Почти каждый день Володя ездит в Сапожок и возится с внуком. Заезжает постоянно в Красный Угол проведать крестника. Иногда калымит у попов, иногда таксует, когда подвернутся клиенты, непрерывно чинит свою «Ладу Калину», возится по хозяйству, рассказывает мне новости или вспоминает службу в армии в ракетной части под Барнаулом. Он производит впечатление человека достаточно свободного – в том, что его жизнь сложилась так, как сложилась, он не винит никого. Ни близких, ни друзей, ни общество. Здоровье, по его словам, пропил он сам, соображалка иногда плохо работает – тоже сам виноват.
Володя интересны живые люди. Он с удовольствием слушает истории о том, кто и как повёл себя в разных ситуациях. Разговоры и размышления о социальном устройстве общества и социальной несправедливости ему скучны. Да, раньше веселее было, при колхозе, ребятишек много было, вообще народу больше. А с другой стороны – бардак был страшный.
…что же с тракторами делали! Вот старые «Беларусы», МТЗ-50, которые на экспорт делались, те вообще неубиваемые были. Гробь, гробь его – он всё равно один хрен бегает. Ну и гробили.
…Ваня Король раз восемь переворачивался по пьяни.
…Толя Ховрач едет на своём тракторе, говорю – масло проверь. А, отвечает, хрен ли это масло проверять, раз его там нету. И так всю дорогу.
…греть зимой неохота – дёрни меня. Вывезешь его на дорогу, дёргаешь, дёргаешь, завёлся. Троит, троит, потом вроде ничего.
…сколько же мы зерна пропили!
…солярка вообще ничего не стоила – вон у Кривелька цистерна стояла, нужно – открывай крантик, наливай. Она постоянно и подтекала – крантик не довернут путём и уйдут.
…а в капремонт отправишь… Раз я возил осенью навоз на тележке, потом эту тележку в Шацк на капремонт отправили. Вернулась весной яркая, крашенная прямо по навозу, где он прилип.
…коров рыбой минтаем кормили.
…за сеном на юг чуть не до Кавказа ездили… Конечно, после этого всё развалится, вот и развалилось.
За домом Чигарей – дом, принадлежащий Нинке Голынихе, в нём мыкается недотёпистый Серёжа Костыль. А до него мыкался старичок, который умер потом в сапожковской больнице. Нинка крутила какие-то дела в Москве, а сюда отправляла тех, кто терял своё жильё при этом.

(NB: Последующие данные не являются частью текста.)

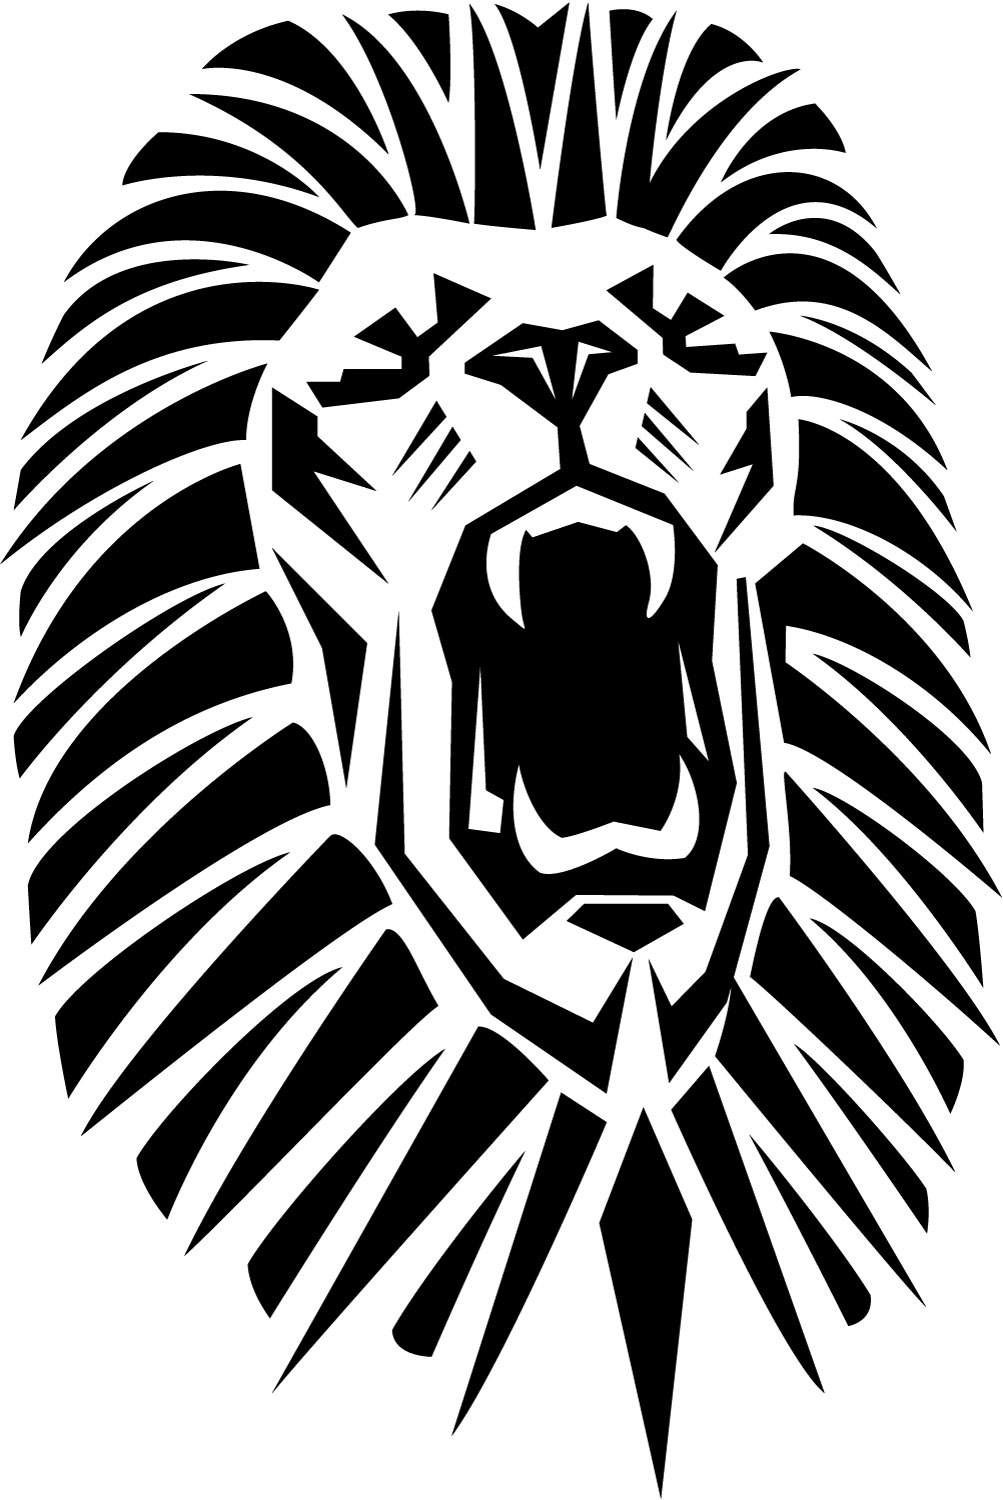 Roaring Lion Artwork Images & Pictures - Becuo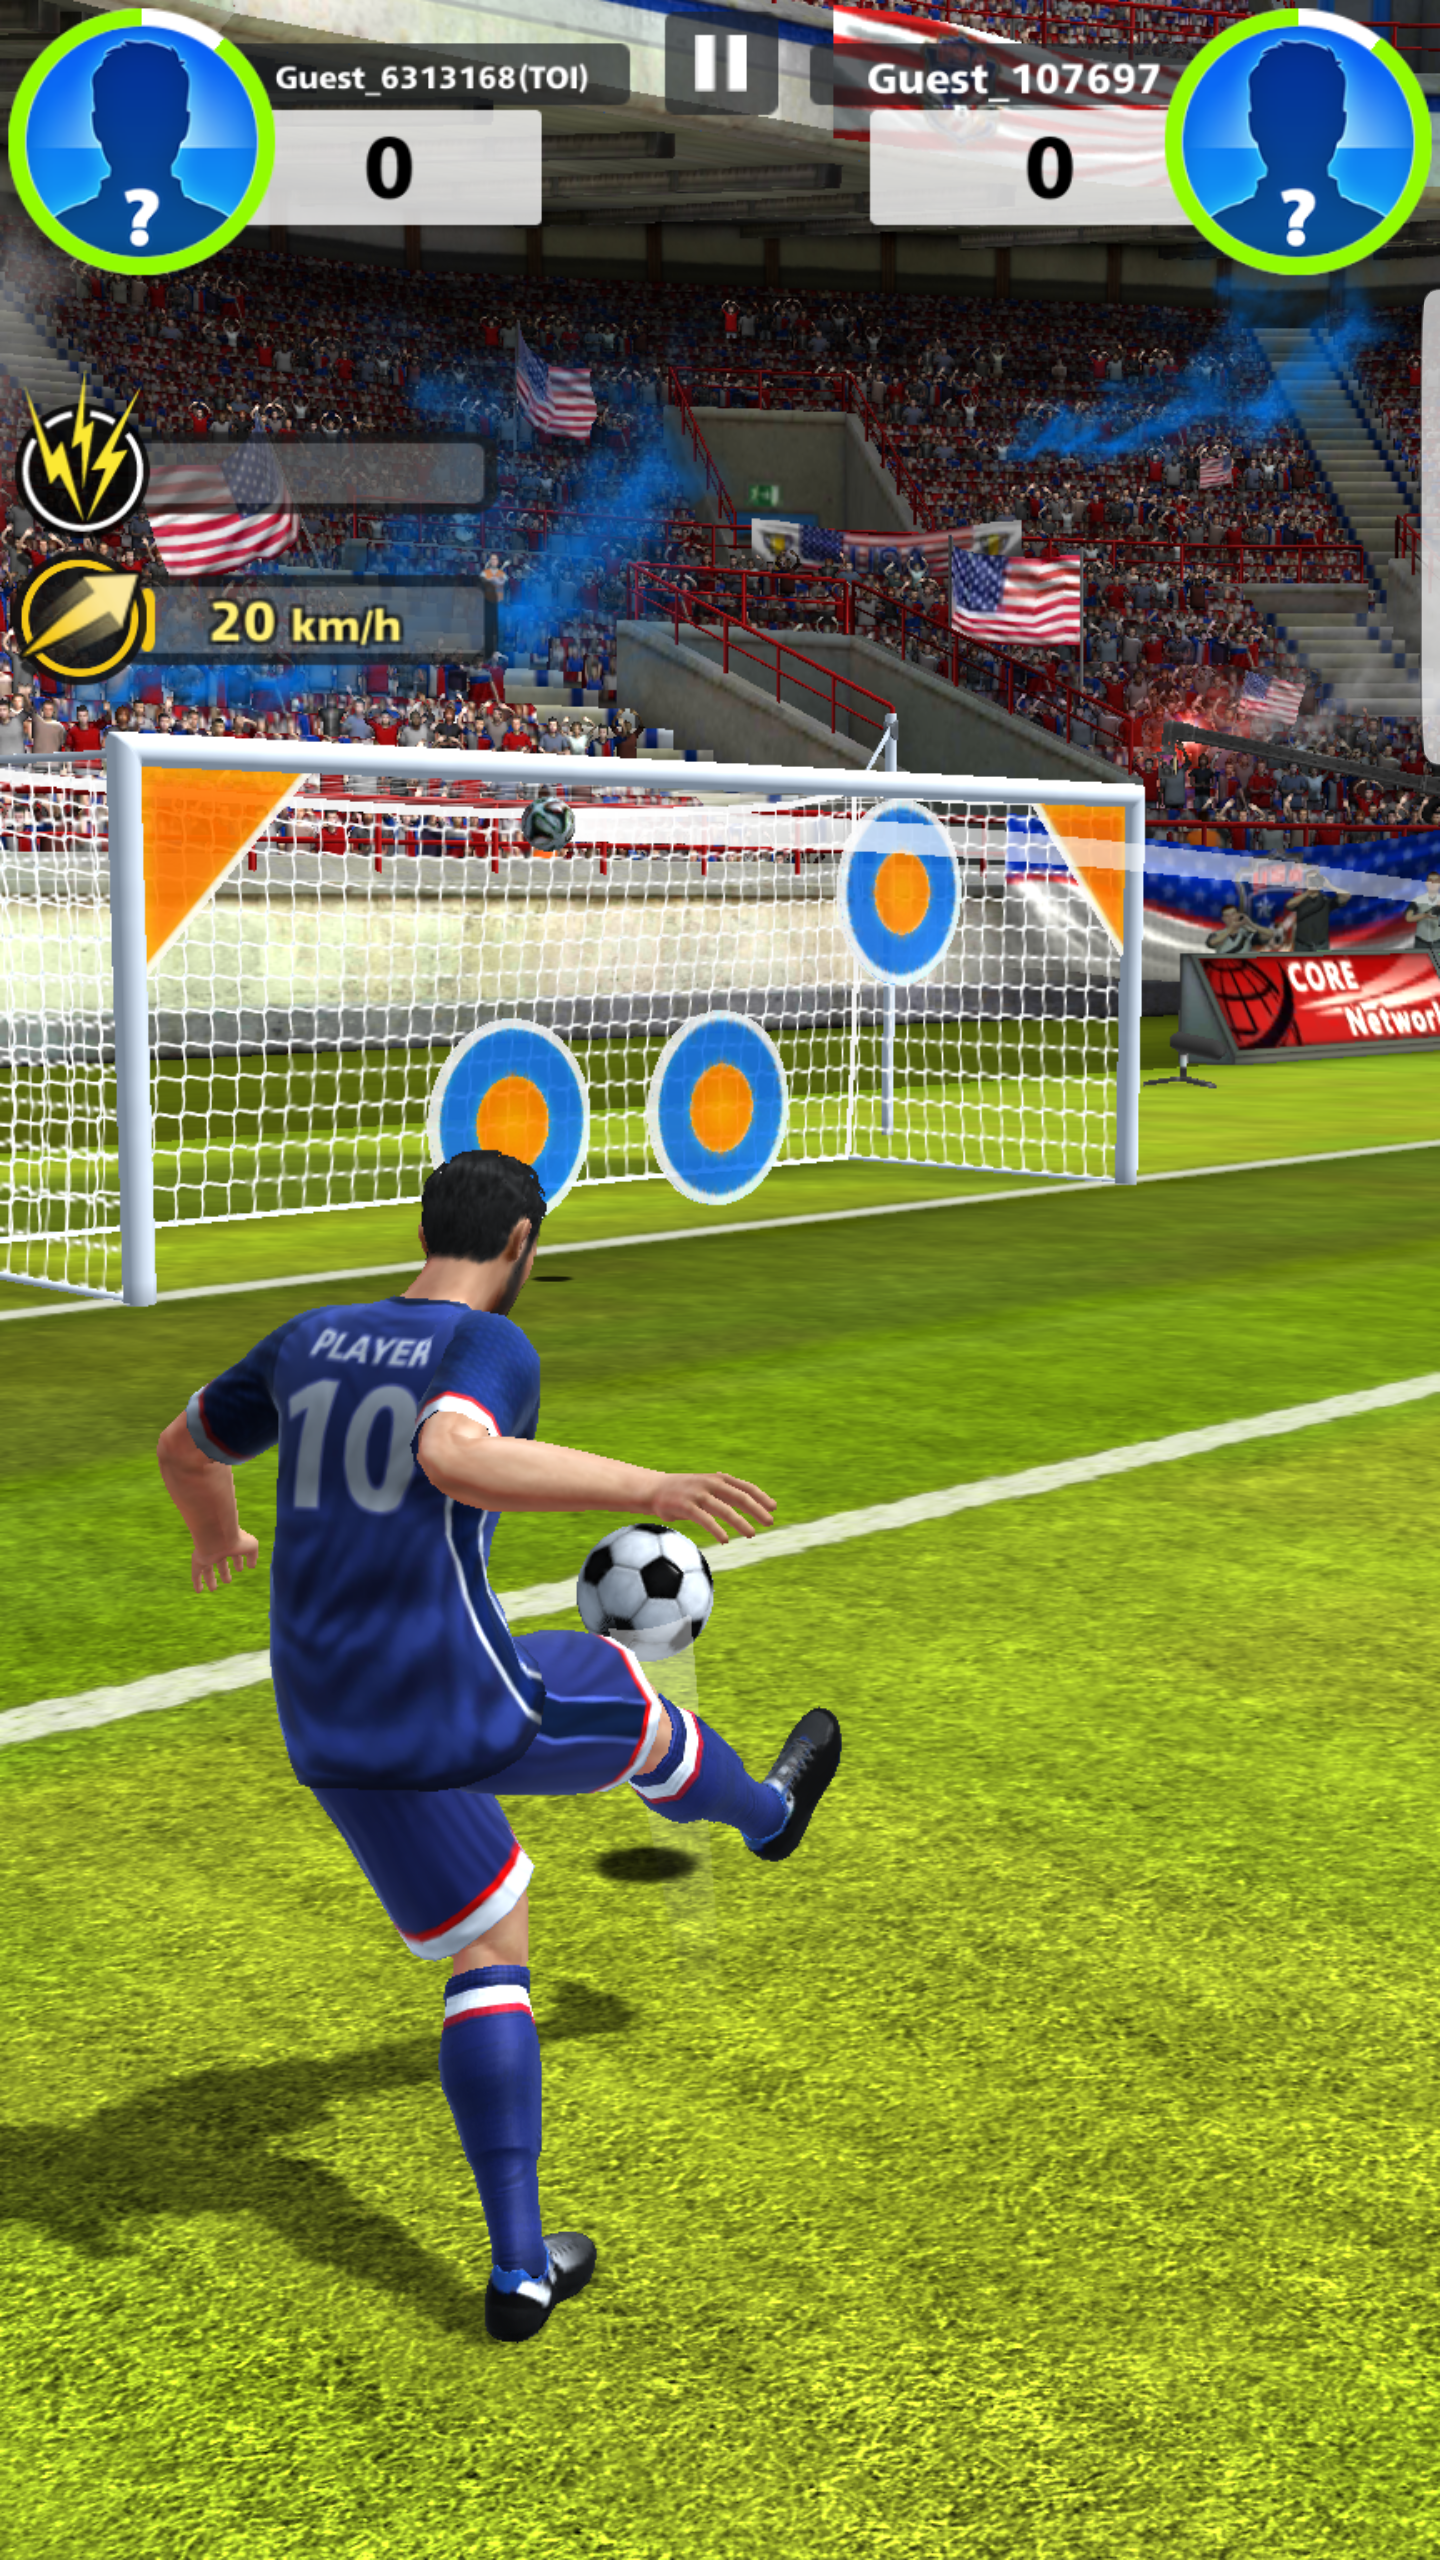 instal the last version for android Football Strike - Perfect Kick

Дальше живёт Шура Борисова, тоже пенсионерка, тоже работала дояркой. Сын, Коля Мельник (кличку дали за любовь молоть языком что попало), живёт в Рязани.
Пока на Кишке живы Татьяна Ивановна и Шура Борисова, Костыль не пропадёт. У него на всякий случай будут отбирать деньги, которые изредка присылает Нинка, которые он заработает у попов на картошке или закалымит где-нибудь ещё, а потом экономно выдавать потихоньку или даже покупать в автолавке хлеб, сигареты и макароны и выдавать хлебом, сигаретами и макаронами. У него всегда будет какая-никакая одежда, картошка, общение.
За Шурой – Колюня Ермаков. Некоторое время он работал в Москве на поливальной машине, теперь дожидается пенсии в отцовском доме. Его отец звался Старым Цуканом, как будто заранее ожидались и Молодые, но на сыновей это прозвище не перешло, наверное, из-за того, что страсть подворовывать не передалась наследникам. Деда их валяли в перьях и водили по улице в овечьей шкуре, отец был притчей во языцех, но старшие братья вышли правильными, разъехались по разным городам, работали, дурного слова про них никто не говорил, да и на Колюню как будто не хватило батареек. Цукановский воровской азарт закончился. Ходит Колюня, принюхивается своим большим хрящеватым носом, крутит головой, высматривает что-то, может сесть на хвост, если у кого есть выпить, но пакостничать не будет. Если возьмёт в долг – отдаёт.
Старый Цукан под конец жизни стал путешествовать. Его искали, ловили, возвращали, потом даже привязывали за ногу во дворе, но удержать не могли. Смотришь – он уже семенит согнувшись по дороге или прямиком через кусты, через поле, пытается недорого продать встретившимся людям обрывок газеты или клочок старой пакли. Последний раз его искали месяц, потом нашли по стае воронов и по запаху в крапиве у Кривелька.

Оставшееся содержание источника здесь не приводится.